Almost $900,000 will establish a new program, Kansas Educating Excellent Psychologists and Psychiatrists for Underserved/Rural Youth Patients, otherwise known as KEEP UP, which will expand training positions for psychiatrists and psychologists in community-based settings to serve children, adolescents and transition-age individuals with mental health concerns and risky substance use. The concentration will be on training professionals in underserved and rural communities, and emphasizing cultural and linguistic competence.

The second grant of $2.1 million provides a three-year renewal for the KSKidsMAP Pediatric Mental Health Access Program. KSKidsMAP, run by KU School of Medicine-Wichita Departments of Pediatrics and Psychiatry & Behavioral Sciences faculty and staff, expands the ability of Kansas primary care physicians and clinicians to care for youth with mental illness. Through biweekly virtual case conferences, participants receive training on screening, diagnosing, treating and referring youth with mental illness. KSKidsMAP also provides resources, wellness support and case consultations with experts to those enrolled.

Though each program has unique goals and deliverables, they will work synergistically and with existing initiatives within each department to address the mental health crisis.

KEEP UP learners will receive graduated, supervised clinical experiences, didactics and mentorship from KU Wichita’s existing accredited training programs. Additionally, learning will extend to hospitals serving youth with severe mental illness and school-based health clinics, and will include collaboration with community partners focused on rural services.

“The KEEP UP funding will give us the freedom to develop more training opportunities than we had in place and add clinical services,” said Nicole Klaus, Ph.D., associate professor, Department of Psychiatry & Behavioral Sciences. “We will integrate trainees into the KSKidsMAP team, so they feel confident supporting PCPs by the time they graduate.”

KEEP UP stipends will support 12 learners over the course of the two-year project with the goal to provide them the knowledge, skills and confidence to practice effectively as educators, collaborators and consultants.

“Both programs will help us build expertise at all levels of the care continuum from PCPs who see the day-to-day concerns of youth, to the most expertly trained specialists in psychiatric illness,” said Kari Harris, M.D., professor, Department of Pediatrics. “Through KEEP UP, we will effectively be building the expert pool with whom PCPs can consult through KSKidsMAP.”

Harris and Klaus both serve as key personnel for both programs.

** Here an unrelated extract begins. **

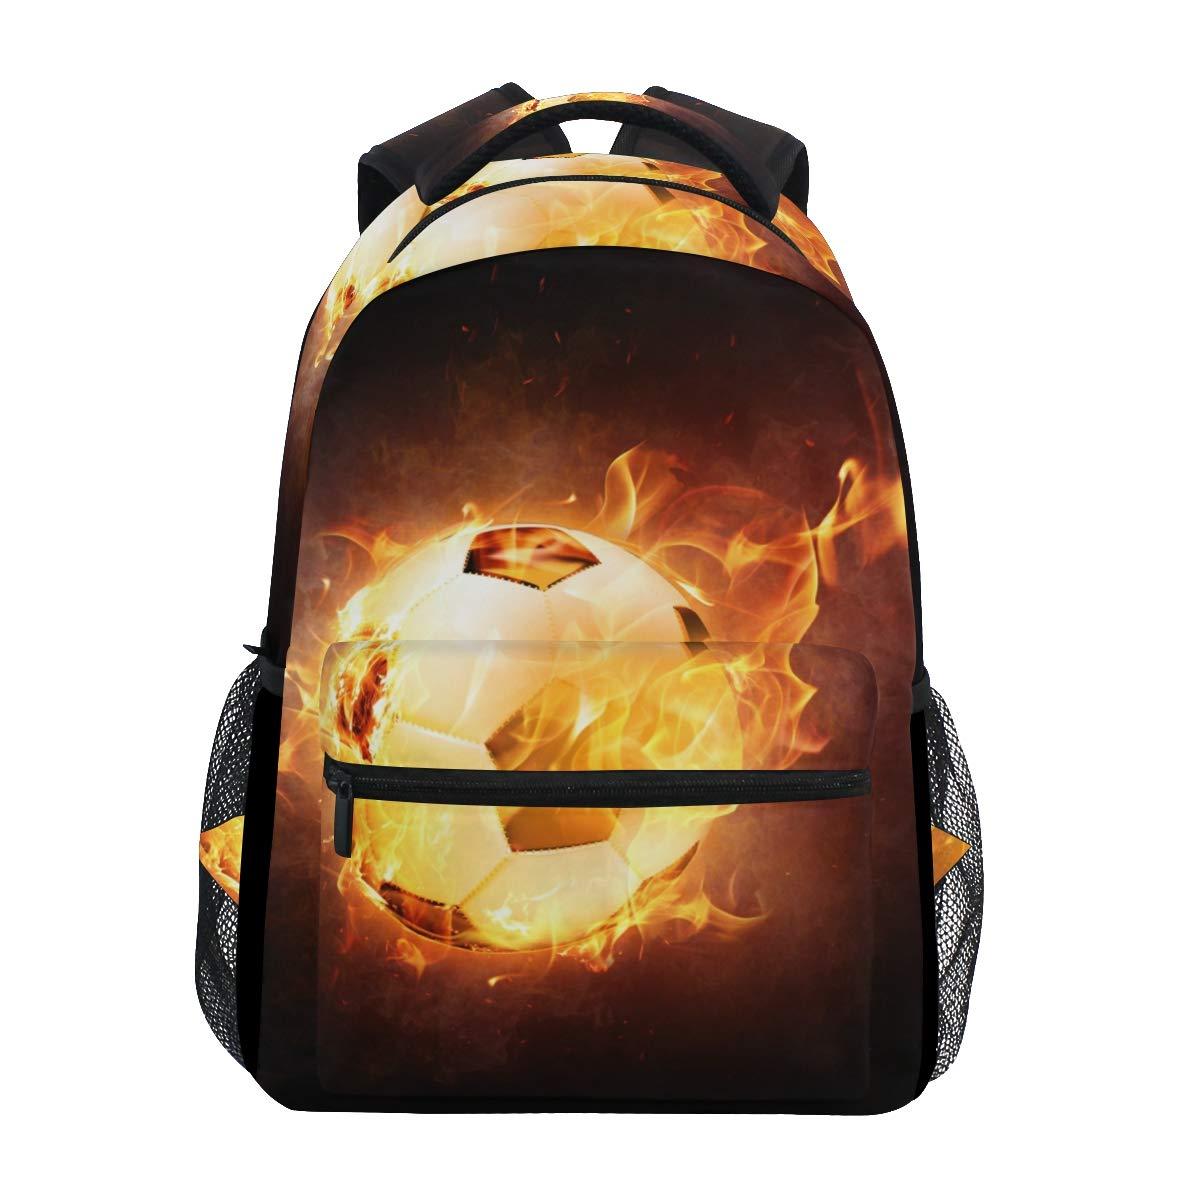 ファッションスクールバックパック ガールズ ボーイズ カジュアルデイパック 旅行カレッジ ブックバッグ レディース&メンズ フットボール 火と水の上 炎の飛沫 雷 プリント スクールバッグ B07L3S9FSG Multicoloured 5

Training across the continuum is important, especially in Kansas, where there is an extreme shortage of mental health professionals. Ninety-four percent of Kansas counties are designated as mental health professional shortage areas and mental health care disparity is apparent in rural communities. The number of youth suicides in rural areas is higher and increasing at a higher rate than for urban youth. Between Jan. 1, 1996, and Dec. 31, 2010, 66,595 youths died by suicide. Rural suicide rates were nearly double those of urban areas for both males (19.93 and 10.31 per 100,000, respectively) and females (4.40 and 2.39 per 100,000, respectively).1

With the increase in the number of youth with psychiatric disorders, there is a greater need to provide rural and frontier PCPs with additional tools and resources. KEEP UP will address this by including rural training as part of the curriculum for learners. KSKidsMAP currently reaches PCPs in 80% of Kansas counties with a goal to expand.

The grant funding for both programs is through the Health Resources & Services Administration, with KEEP UP supported by the Behavioral Health Workforce Education and Training-Children, Adolescents, and Young Adults Program for Professionals, and KSKidsMAP supported with a Pediatric Mental Health Care Access award.